Именно последний аспект служит предметом рассмотрения в настоящем докладе. Представляется, что образная метафорика и есть та центральная пружина, которая обусловливает когнитивную и коммуникативную силу паремий как особого звена, соединяющего язык и речь. Главная идея, развиваемая в нашем исследовании, заключается в том, что, подобно тому, как морфема, слово, устойчивое словосочетание, идиома выполняют свою специфичную функцию в интегральном когнитивном механизме языка, паремия как клишированное метафорическое высказывание служит средством закрепления в языковой памяти обобщенных знаний о целостной (и вместе с тем четко структурированной) когнитивно-коммуникативной ситуации - в виде развернутого ситуационного образа. Паремия дает говорящему возможность легко распознать ситуацию (подведя ее под соответствующий образ) и легко вербализовать свою речевую реакцию на нее. Паремия позволяет слушающему легко увидеть в ситуации обобщенное знание, о котором напоминает ему партнер по коммуникации. Как видим, наша модель учитывает три глобальных  измерения “языковых явлений” - языковую когнитивную систему, процессы говорения и понимания [Щерба 1974].

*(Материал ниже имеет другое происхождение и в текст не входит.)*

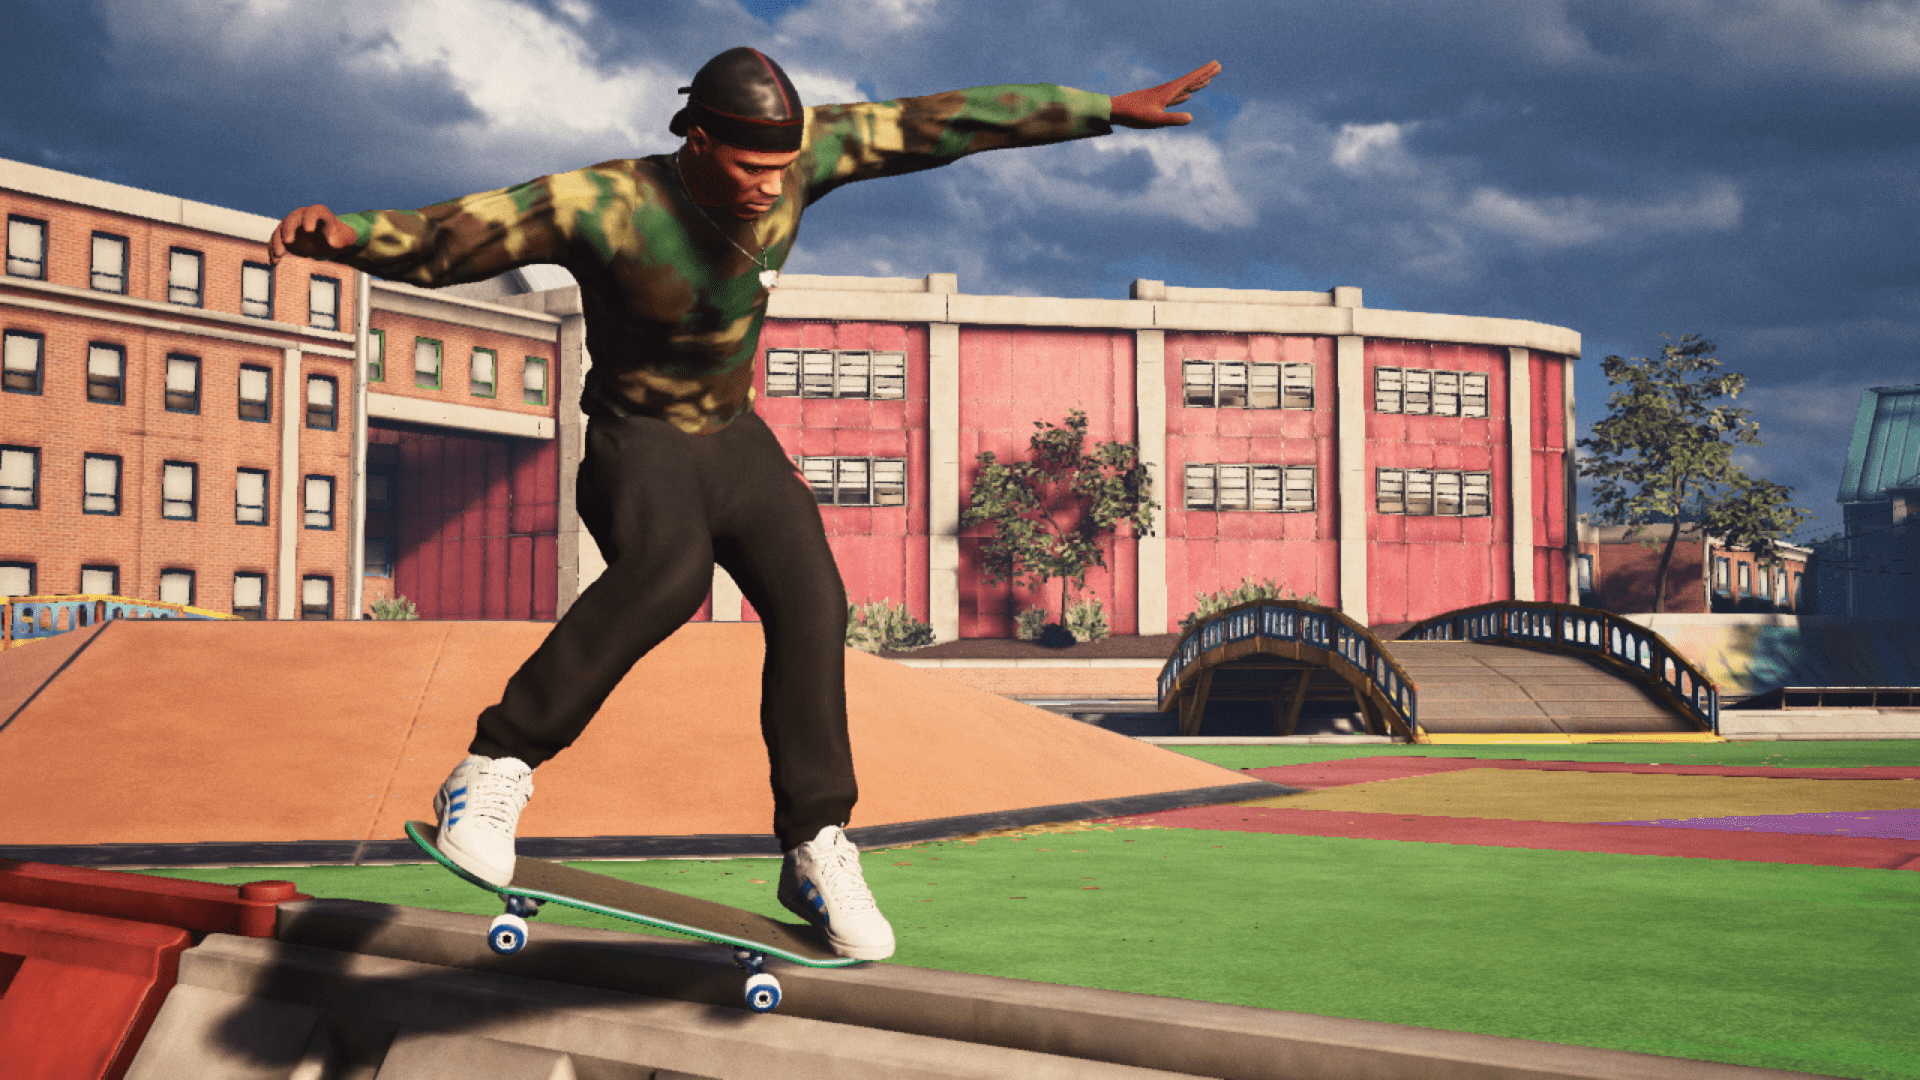 O que tornou Tony Hawk's Pro Skater um sucesso em sua época? - Nintendo  Blast

Такой подход к построению действующей модели паремического образа уходит своими корнями в когнитивную теорию языка А.А. Потебни, 140 лет назад предвосхитившего своими прозрениями целый ряд направлений современной когнитивной лингвистики, поэтики, культурологии, креативистики. Его небольшой эпохальный труд “Мысль и язык” (впервые изданный в 1862 г.), а также многочисленные материалы лекций, статей и заметок (часто специально посвященные паремиям), теперь широко доступны и оказывают стимулирующее воздействие на ход научного поиска в области все более адекватных моделей образной ментальной деятельности, опосредованной дискурсом [Потебня 1989; 1990; 1999].

Для нашей работы существенно, в частности, учение об апперцепции, подробно развитое Потебней применительно к языковой деятельности: слово (или высказывание) есть вербально воплощенноепредставление и чувственной картины внешнего мира,  и внутренней понятийно-действенной структуры; оно же есть внутренняя форма образа, или образ образа, а значит, фактически - фрейм [Потебня 1999: 146-161].  Другое важное положение, неоднократно аргументированное  Потебней, касается неразделимости процессов вербализации и понимания; с афористической лаконичностью оно формулируется так: “Речь нераздельна с пониманием” [Потебня 1999: 152], т.е. фреймы, используемые говорящим, должны быть понятны (доступны) слушающему.

В современной науке, как известно, применение аппарата фреймов к моделированию психической деятельности наиболее проникновенно и тонко разработано М. Минским [Минский 1978; 1988]. Прежде всего он принимает общий с Потебней взгляд на фреймы как на структуры, которые используются и на концептуальном,  и на перцептивном уровнях. Существенно, далее, то, что Минский развивает гибкий, приближенный к реальным сложностям человеческого общения, взгляд на систему фреймов. “Формирование системы взаимосвязанных фреймов осуществляется в течение всей жизни человека и определяется приобретением им соответствующего опыта” [Минский 1988: 290], и “каждый индивид должен располагать своими собственными методами установления  новых межфреймовых связей” [292]. Интересно, что в связи с частной проблемой контроля разумных границ мыслительно-речевой деятельности упоминаются фреймовые механизмы в роли цензоров и высказывается предположение, что “нам нужны миллионы цензоров” [288].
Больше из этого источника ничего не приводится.